Abstracts

Rationale: Neonatal seizures are the most common neurological emergency in the newborn period. They can be associated with serious neurological sequlae including, epilepsy, cerebral palsy and intellectual deficits. A diagnosis of epilepsy can lead to a significant burden of disease. Challenging complex needs can be encountered that may be reduced with earlier identification of at risk infants, leading to prompt diagnosis and optimisation of delivery of care and seizure management.

Methods: A retrospective single-centre observational study of all infants admitted to the neonatal intensive care unit at Cork University Maternity Hospital, Ireland, between 2013-2017 with the following; 1) infants greater than or equal to 37 weeks gestation, 2) requiring EEG monitoring for at least 12 hours, 3) neurodevelopmental follow up. Infants who died during the neonatal period were excluded. Ethical approval was granted from the Clinical Research Ethics Committee of the Cork Teaching Hospitals.

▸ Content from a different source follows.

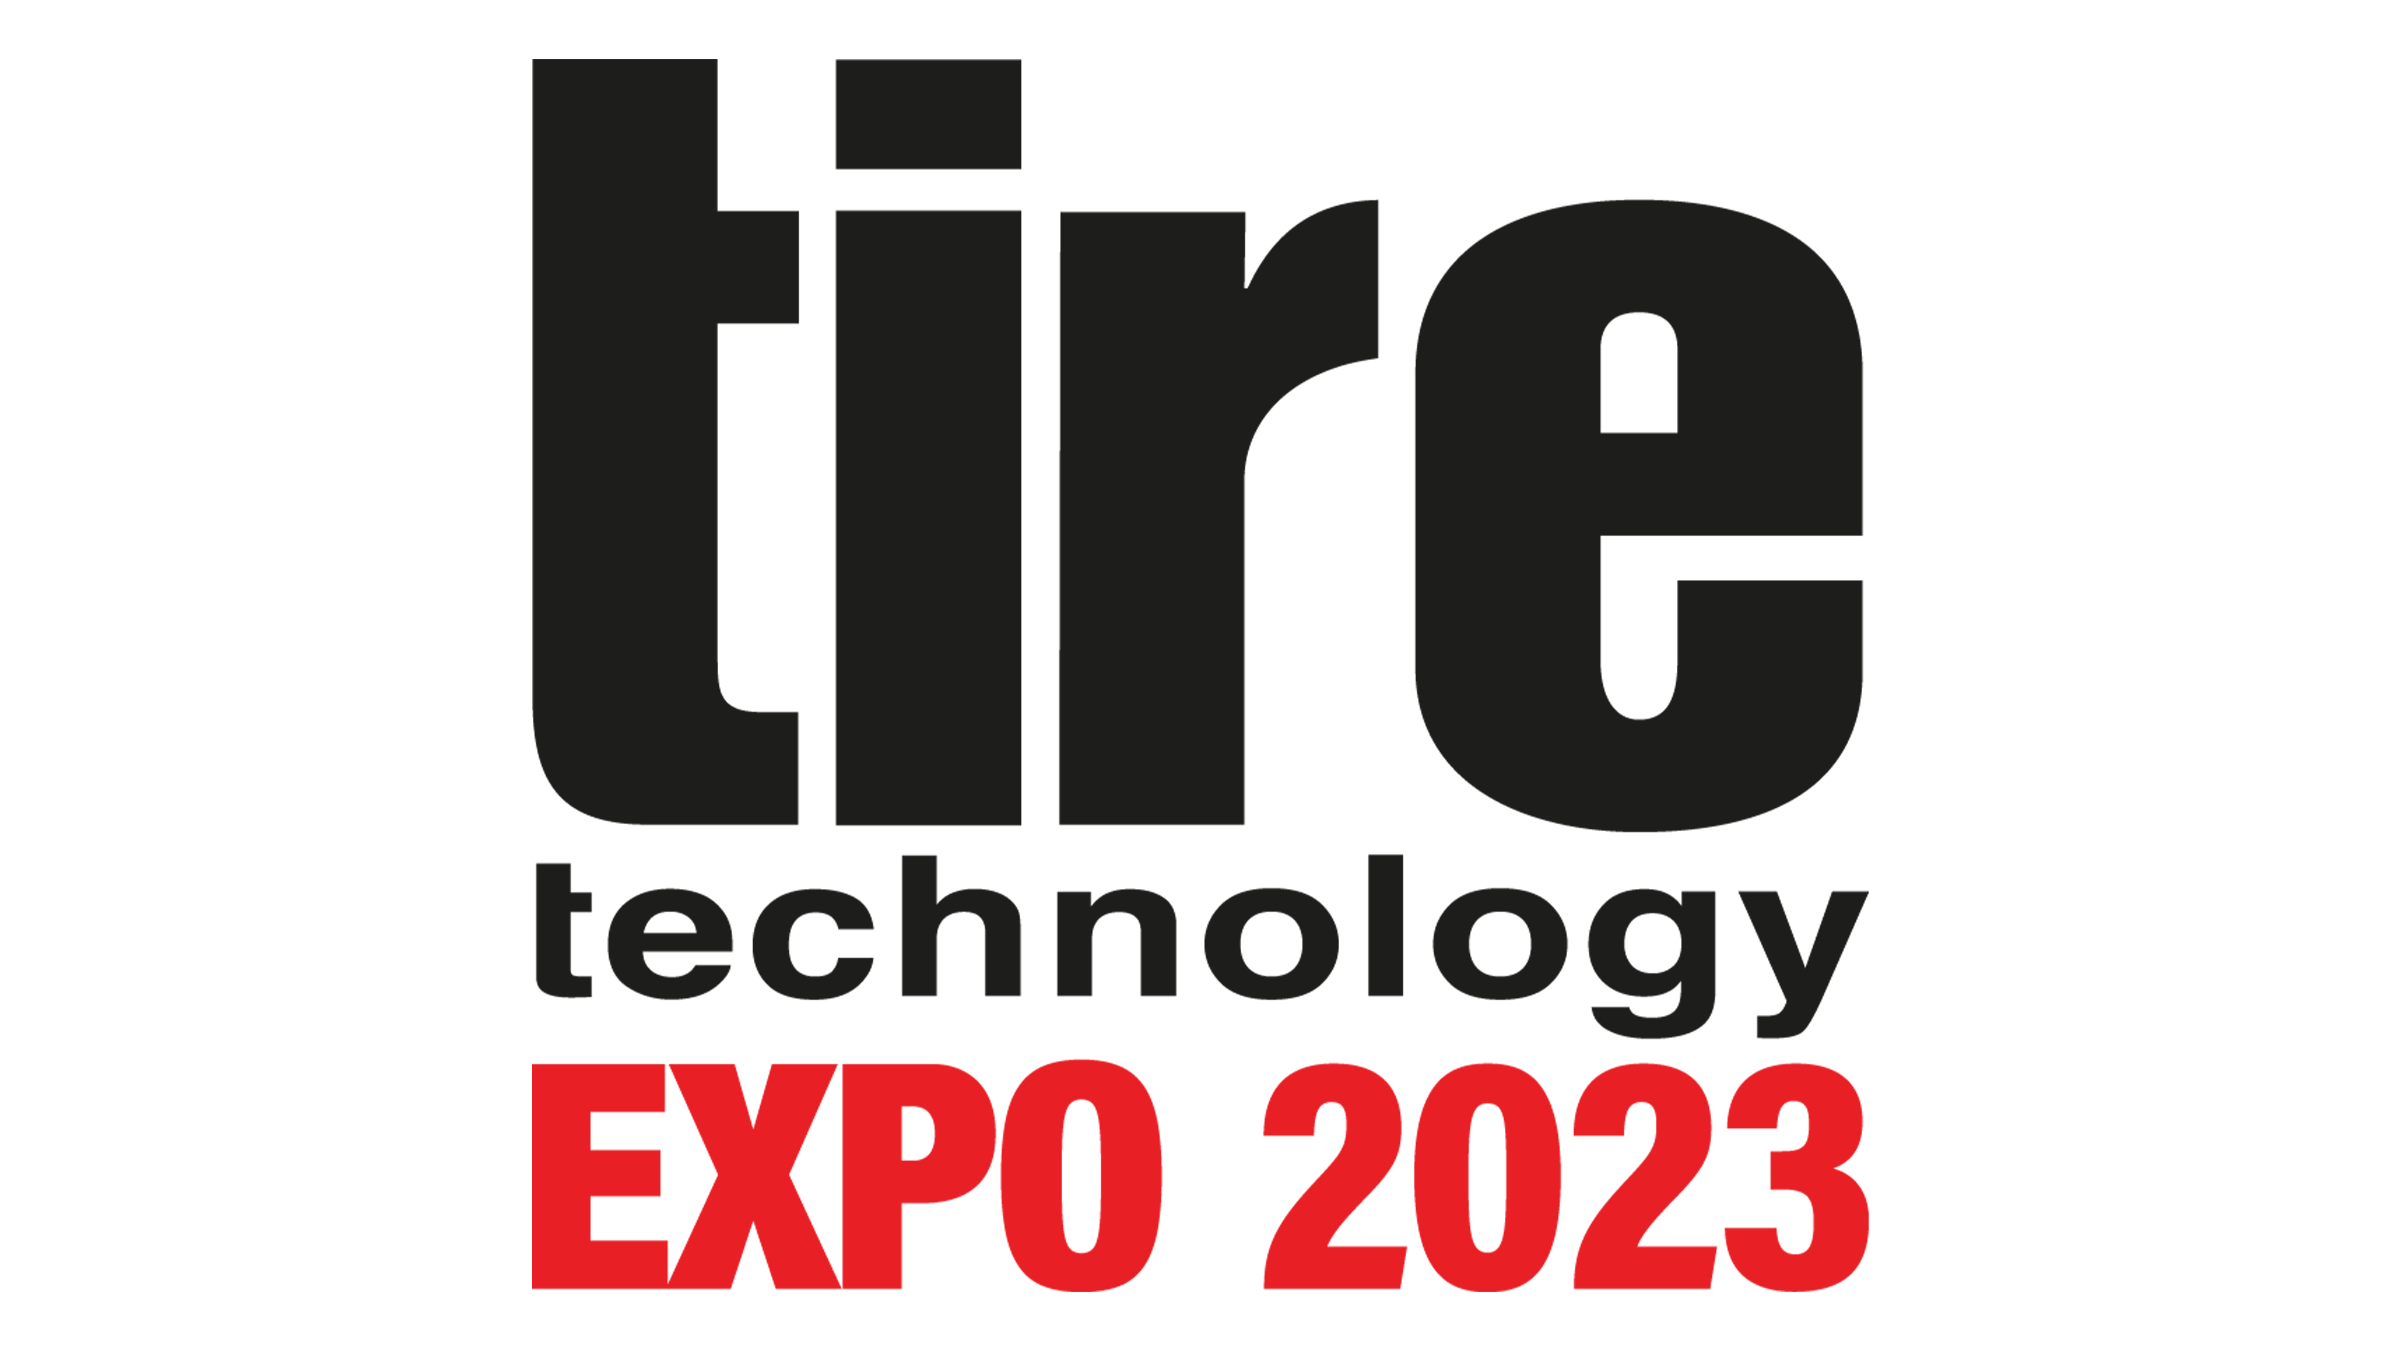 Tire Technology Expo 2023

Results: 94 term infants at risk of seizures monitored with EEG were included; the primary aetiology was HIE (59.6%) followed by genetic or metabolic encephalopathy and stroke. In total, 28 (28.4%) infants had electrographic seizures (ES); clinical characteristics are described in Table 1. 7/94 developed post-neonatal epilepsy (PNE), 5/28 (18%) in the electrographic seizure group and 2/66 (3%) in the no-electrographic seizure group. The aetiology in all seven infants with PNE was; epileptic encephalopathy (SCN2A mutation, n=2), Tuberous Sclerosis (n=1), moderate or severe HIE (n=2), inborn error of metabolism (IEM) (n=1) and an undiagnosed condition characterised by central hypoventilation (n=1). Despite the fact that HIE was the primary aetiology of seizures in the neonatal period, only 6% of infants with moderate and severe HIE developed PNE. In contrast, 44% of infants with genetic or metabolic encephalopathy developed PNE. Three infants developed epilepsy in the neonatal period (SCN2A and IEM), three within the first year and one at 44 months. Three infants with PNE died in childhood (< than 25 months) including all those who did not have electrographic seizures (moderate HIE and IEM).

Conclusions: Epilepsy is a serious neurological complication following neonatal encephalopathy. We have shown that post-neonatal epilepsy is higher in infants admitted to the NICU following electrographic confirmed seizures 18% vs 3%. Genetic or metabolic encephalopathy contributed the highest number of cases and all had electrographic seizures in the neonatal period. Only two infants developed PNE following HIE. Neonatal electrographic seizures present a clear risk for later PNE, particularly in infants with genetic and metabolic encephalopathy.

Funding: Please list any funding that was received in support of this abstract.: Carol Stephens is a clinical research fellow with INFANT Cork.